| WORK TASK |
Print the data below exactly as it stands, and keep the pictures out.

| DATASET EXTRACT |
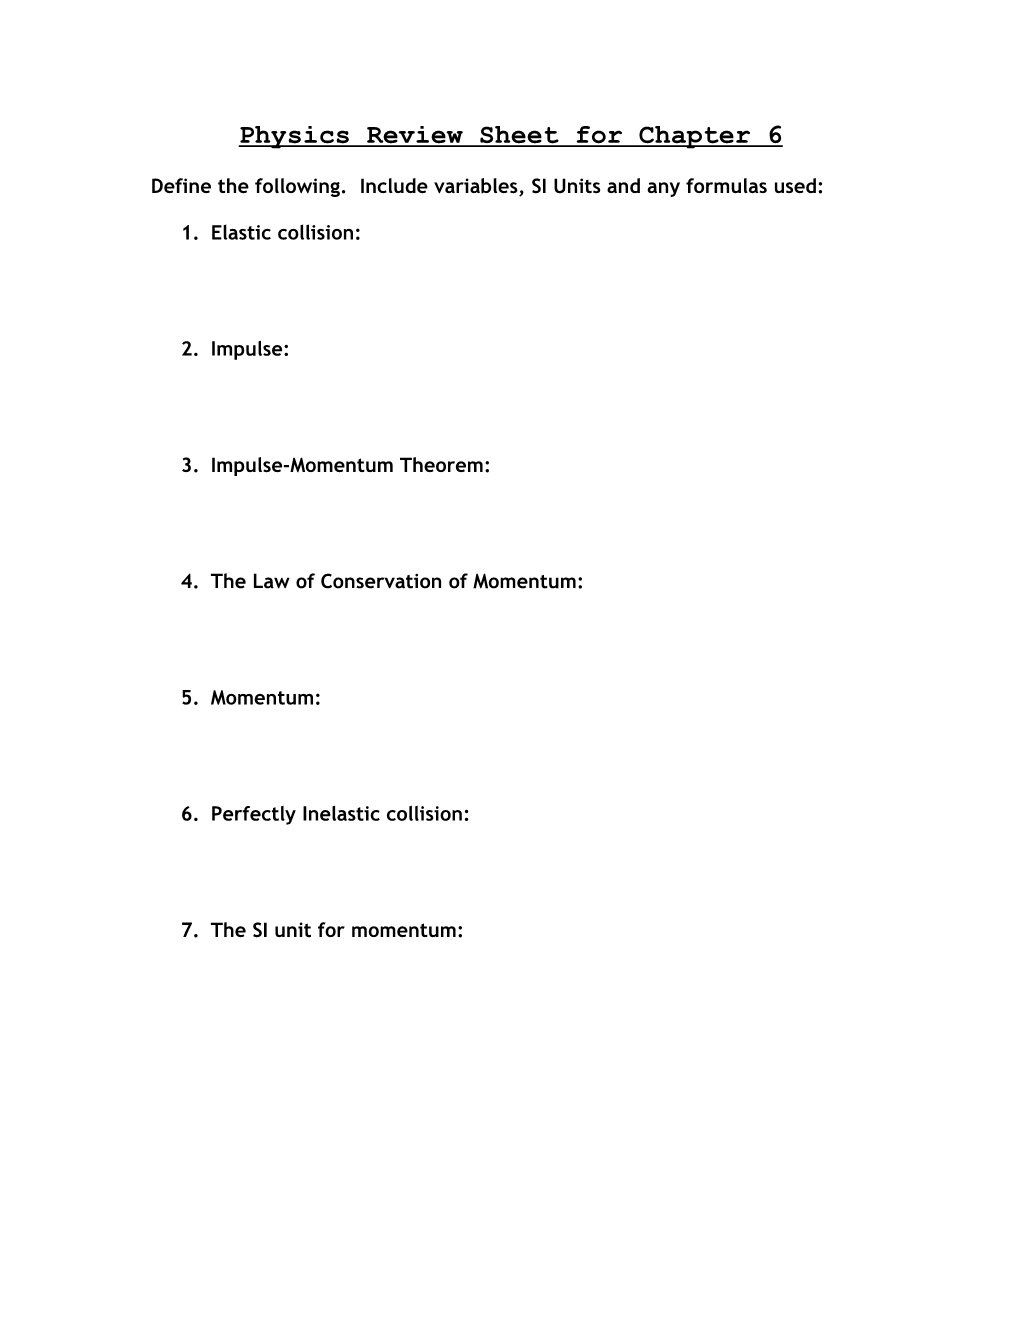 Physics Review Sheet for Chapter 6
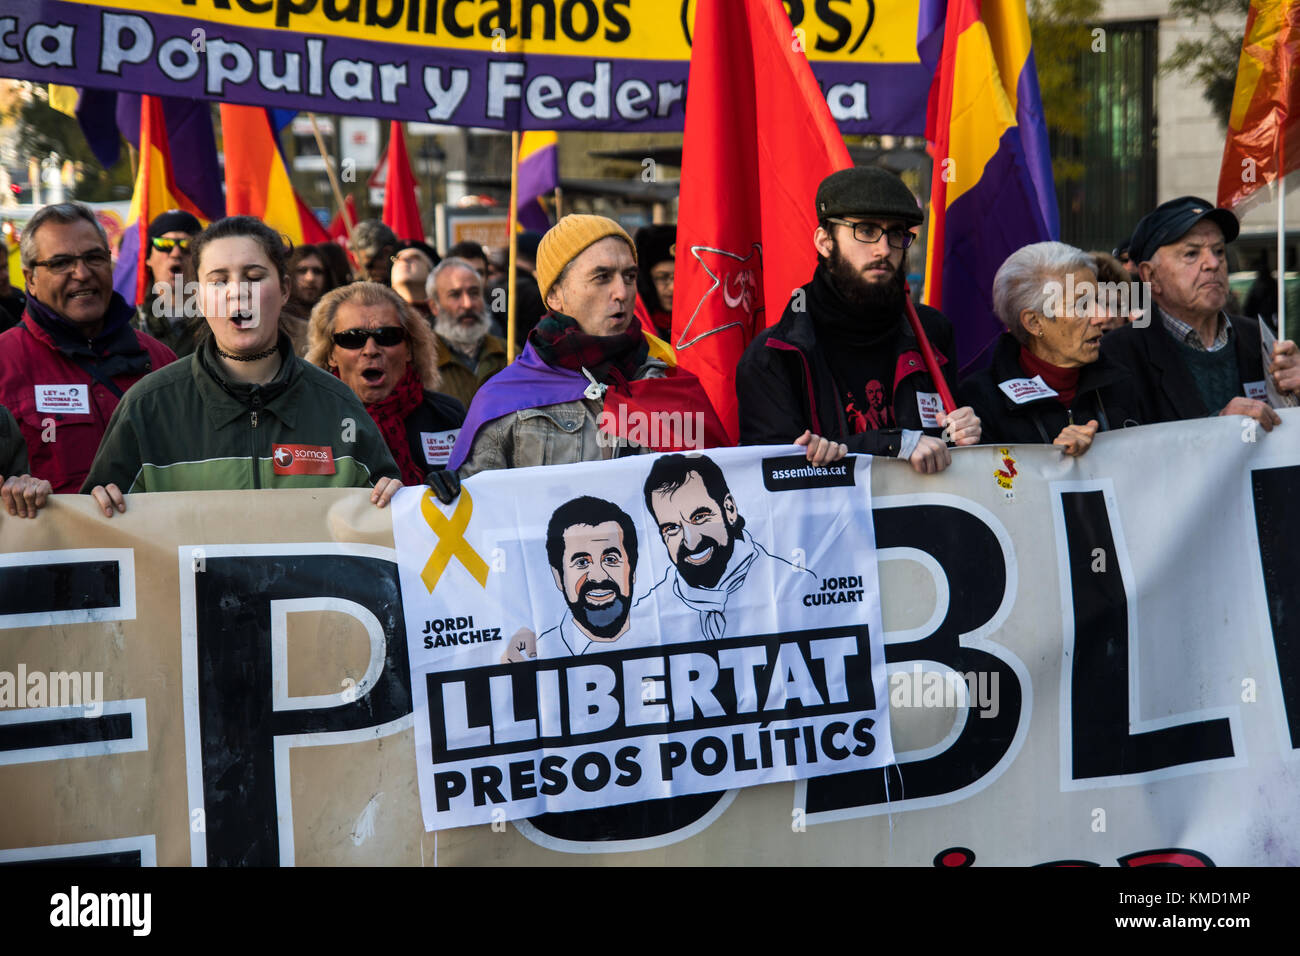 Madrid, Spain. 6th Dec, 2017. A banner demanding freedom for imprisoned Catalan leaders (known as 'Los Jordis') during a demonstration against Monarchy, demonstrators are demanding a 3rd Republic the day of the 39th anniversary of the Spanish Constitution in Madrid, Spain. Credit: Marcos del Mazo/Alamy Live News Stock Photo
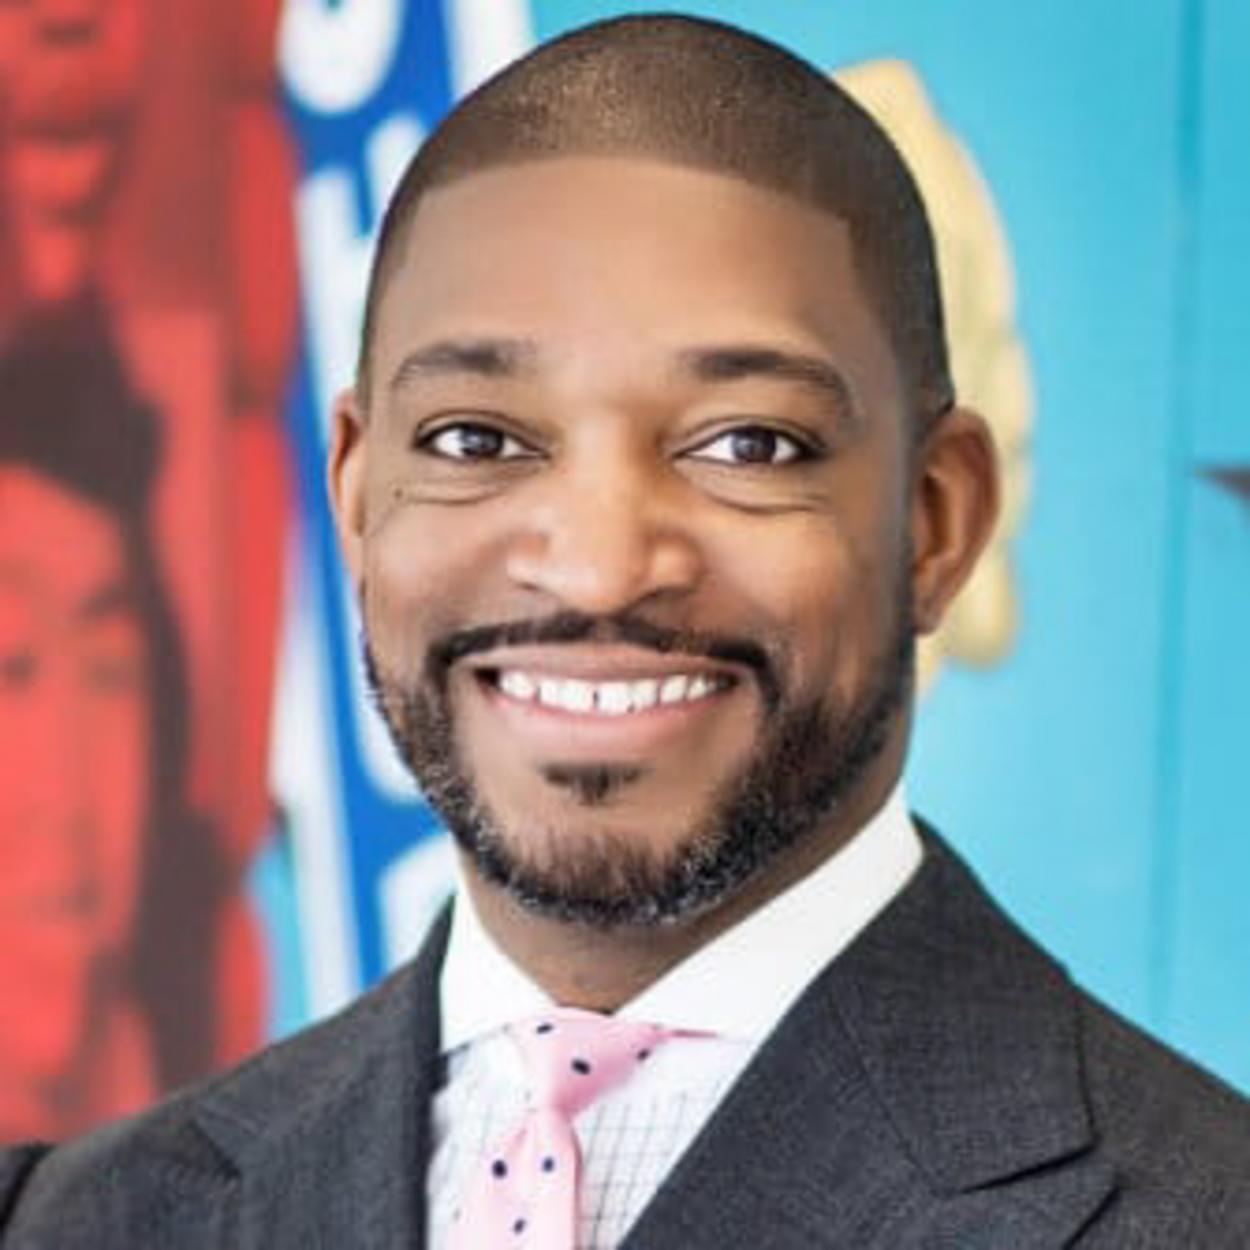 Portrait of Rev. Dr. Starsky Wilson, a Black man smiling broadly in front of a colorful background. He has closely trimmed hair, and a closely trimmed beard, and is wearing a dark grey suit, a white shirt, and a light pink tie with small black dots. 
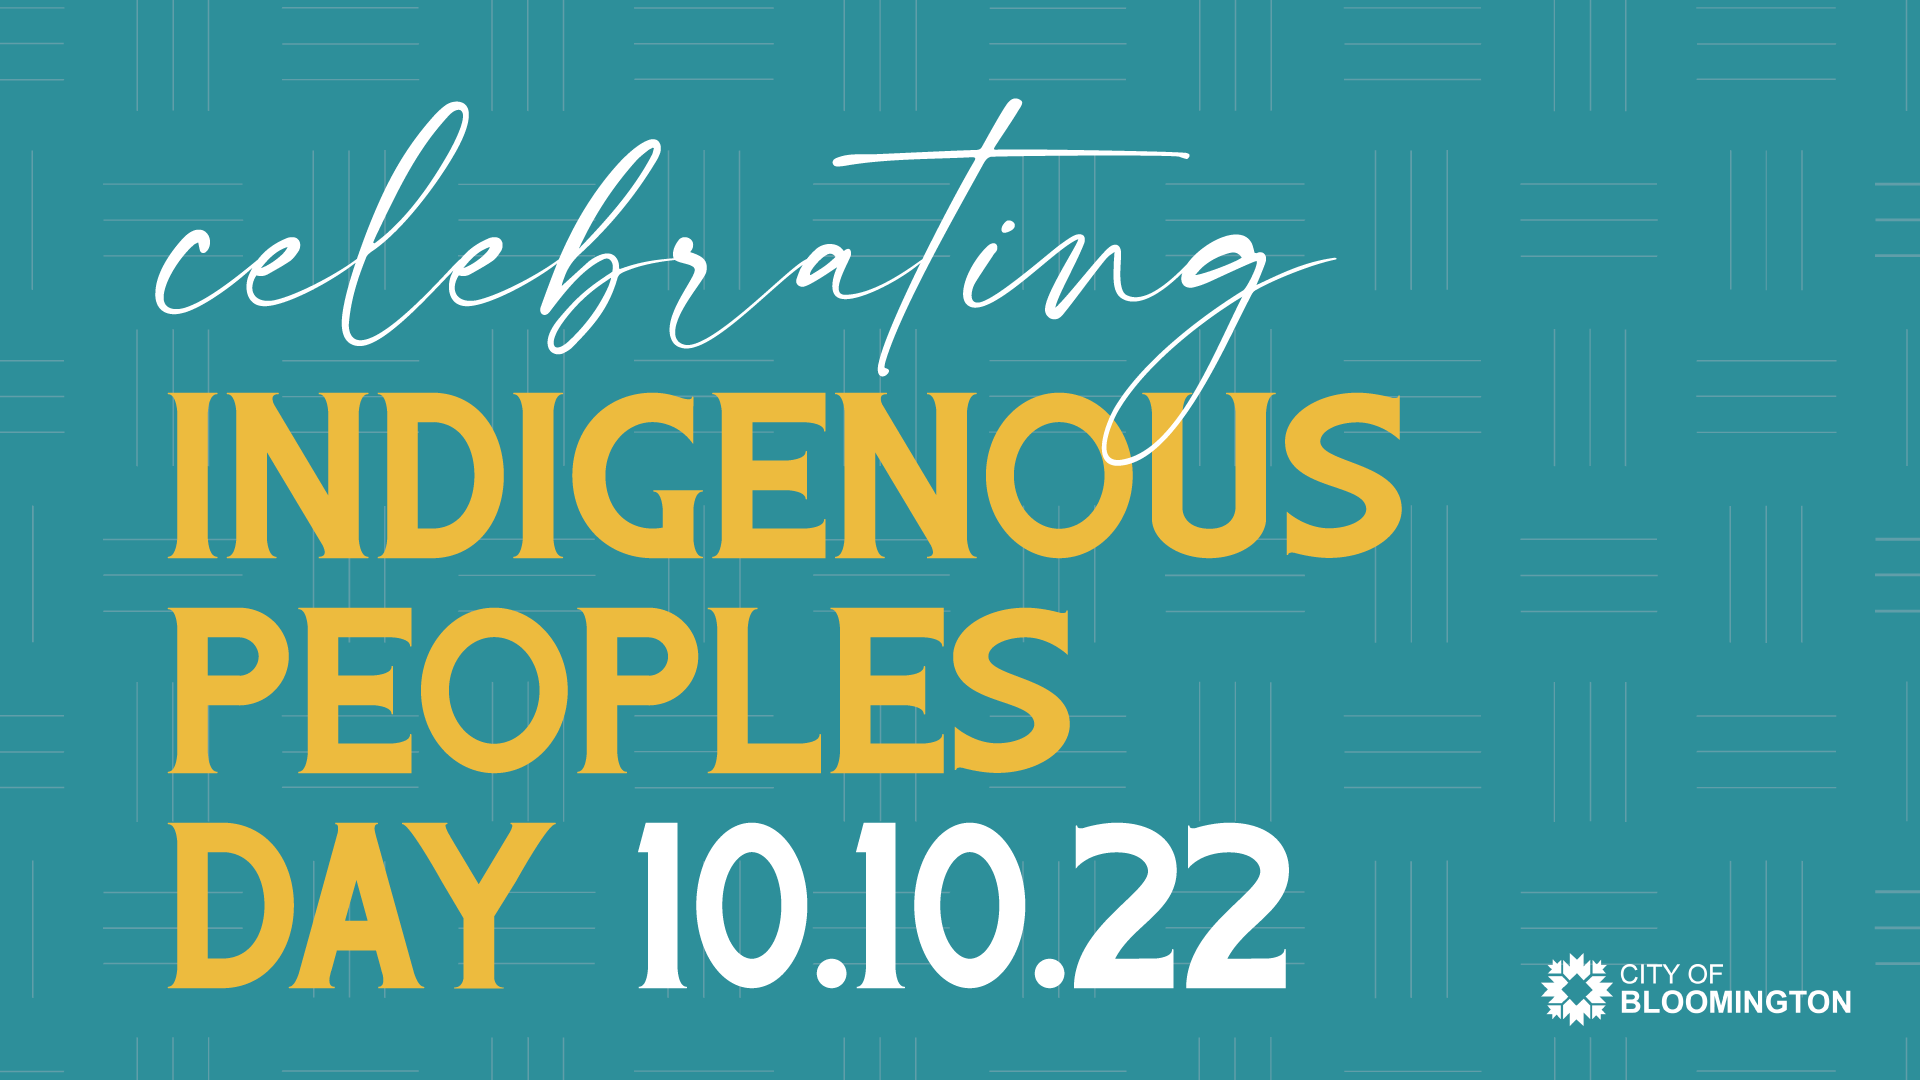 Celebrating Indigenous Peoples Day and 10.10.22 text on a teal background. The City of Bloomington logo in white placed in the lower right corner.

| OUTPUT BELOW |
 Physics Review Sheet for Chapter 6
 Madrid, Spain. 6th Dec, 2017. A banner demanding freedom for imprisoned Catalan leaders (known as 'Los Jordis') during a demonstration against Monarchy, demonstrators are demanding a 3rd Republic the day of the 39th anniversary of the Spanish Constitution in Madrid, Spain. Credit: Marcos del Mazo/Alamy Live News Stock Photo
 Portrait of Rev. Dr. Starsky Wilson, a Black man smiling broadly in front of a colorful background. He has closely trimmed hair, and a closely trimmed beard, and is wearing a dark grey suit, a white shirt, and a light pink tie with small black dots. 
 Celebrating Indigenous Peoples Day and 10.10.22 text on a teal background. The City of Bloomington logo in white placed in the lower right corner.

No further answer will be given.